This is the second part of our discussion with Professor Dmitry Krass, Academic Director of the Master of Management Analytics program, to look back over the first year of the program, and to discuss how the program will evolve moving forward to best prepare our graduates for careers in the analytics industry.
This is the second of three posts, and focuses on some adjustments to the program.
How will the program evolve in future years?
One thing we realized within a nine-month program, some skills are easier to train than others. In particular, the skills that are really hard to train from scratch are related to computer programming, and computational ability. If someone is coming in with limited programming skills it’s very hard for them, given the volume of courses and everything else that is going on, to train up to be a comfortable programmer over nine months. They need more help early on.
Thus, during the introductory term we will be offering Python for Computer Science, which focuses on the fundamental programming skills. This mini-course will consist of six sessions, interspersed with tutorials.
Students who already can demonstrate strong programming skills will not need to take this mini-course, they will be given an interesting “opt-out” assignment to work on to demonstrate and test their ability.
Curriculum and colloquium
Last year our faculty came up with brand new courses for this program. This, by the way, is quite a unique feature of the program. In many similar programs, only a few “core” courses specific to the program, with most of the remaining coursework drawn from a set of pre-existing elective courses open to students from other programs. In the Rotman program, all courses are MMA-specific, and are designed to logically interconnect with each other. These connections were hard to achieve in the first year when each instructor only had an outline of what other instructors intended to do in their courses.
Now, of course, we have much more detailed information about the contents and level of coverage in each course. We have reviewed all of the courses to make sure there are more inter-connections between them, so we know where to set expectations, and what students should be reasonably expected to accomplish in each course. In particular, we learned that tutorials, with strong teaching assistant support, are really important – all the skills the students are trying to learn must be reinforced repeatedly; this is definitely a very hands-on program.
Another important change comes from the colloquium.
The colloquium course was designed, from the start, to be a vehicle to bring new emerging topics to the curriculum, and to explore how those topics would fit into the rest of the program.

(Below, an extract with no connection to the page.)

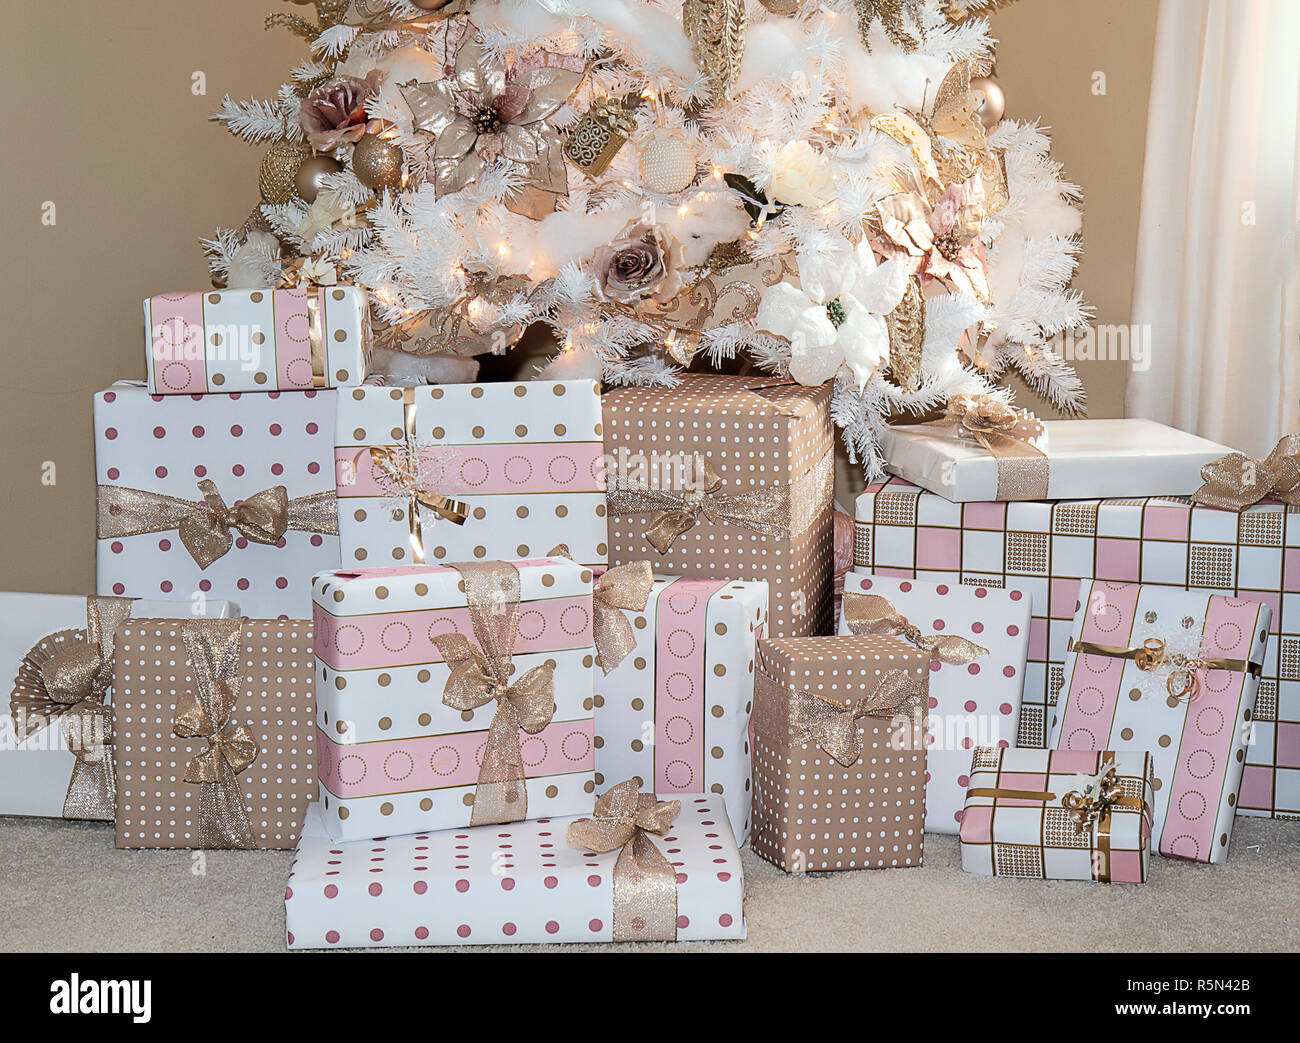 Rêve Blanc arbre de Noël dans la salle de séjour de maison décorée en rose tendre populaires des ornements et les cadeaux ci-dessous correspondant au papier d'emballage. Banque D'Images

It also gives the students a way to be exposed to these topics in a relatively pressure free way, as this is a pass/fail course. We’ve learned that topics that are related to skills, the ones that the market especially demands, are very important. I would say we had our most successful colloquia were on specific skills-based topics like Hadoop, API, neural networks, deep learning, and fraud detection. A few students got jobs that could be directly traced to the material they learned in the colloquium. We have also learned that some of these skills are now viewed as “core” by the industry, and deserve more coverage than what can be fitted into a 3-session colloquium module.

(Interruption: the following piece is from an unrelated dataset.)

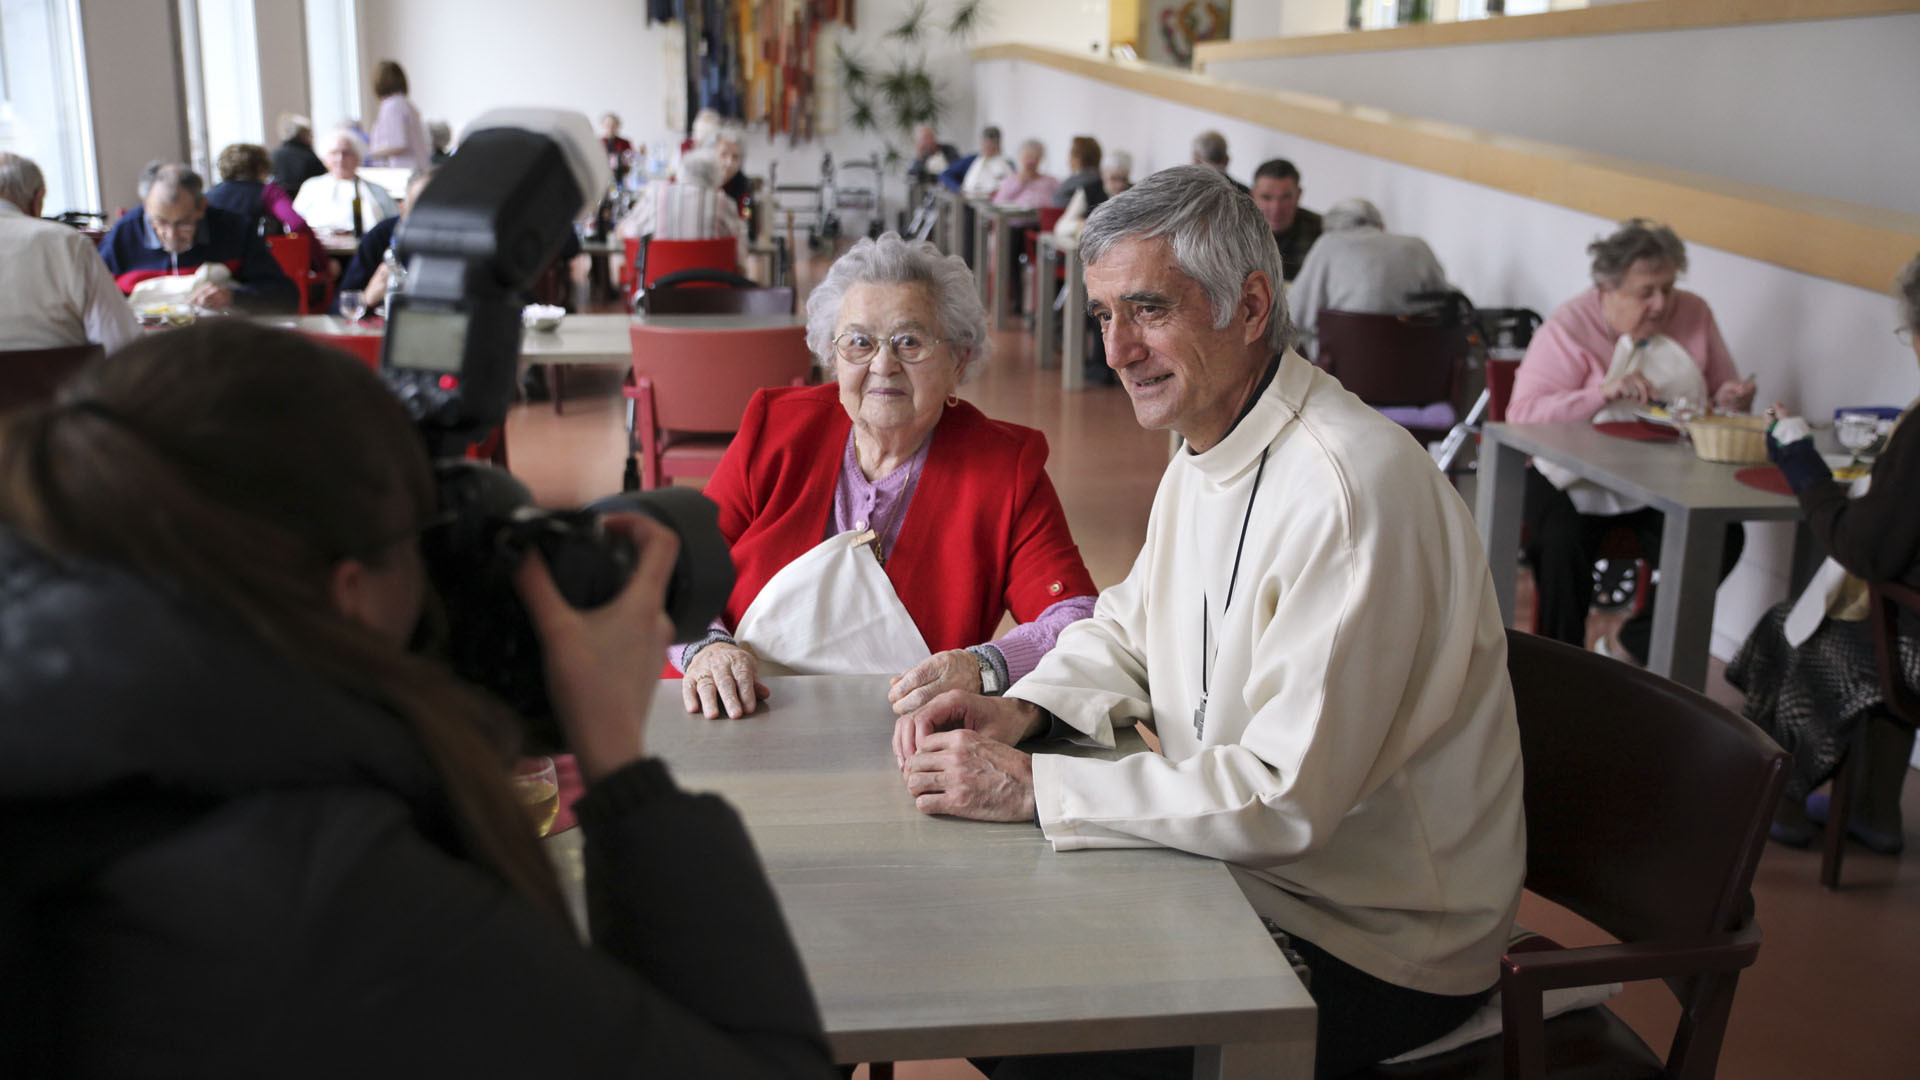 Brigue le 12 févreir 2016. L'évêque de Sion, Mgr Lovey prend la pause avec un pensionnaire du Home "Englischgruss" à Brigue. (Photo: B. Hallet/cath.ch)

Thus, for the second year of the program we are going to integrate neural networks and deep learning into a regular course within the program. This opens space for a new colloquium on probabilistic networks and network analytics. We are also adding cloud computing content to the Hadoop module.
The colloquium will keep changing as new topics emerge, and this is how the colloquium course was designed to be. It is the most flexible part of the program.
The Master of Management Analytics is designed to give students the advanced data management, analytics and communication skills needed to become an analytics professional.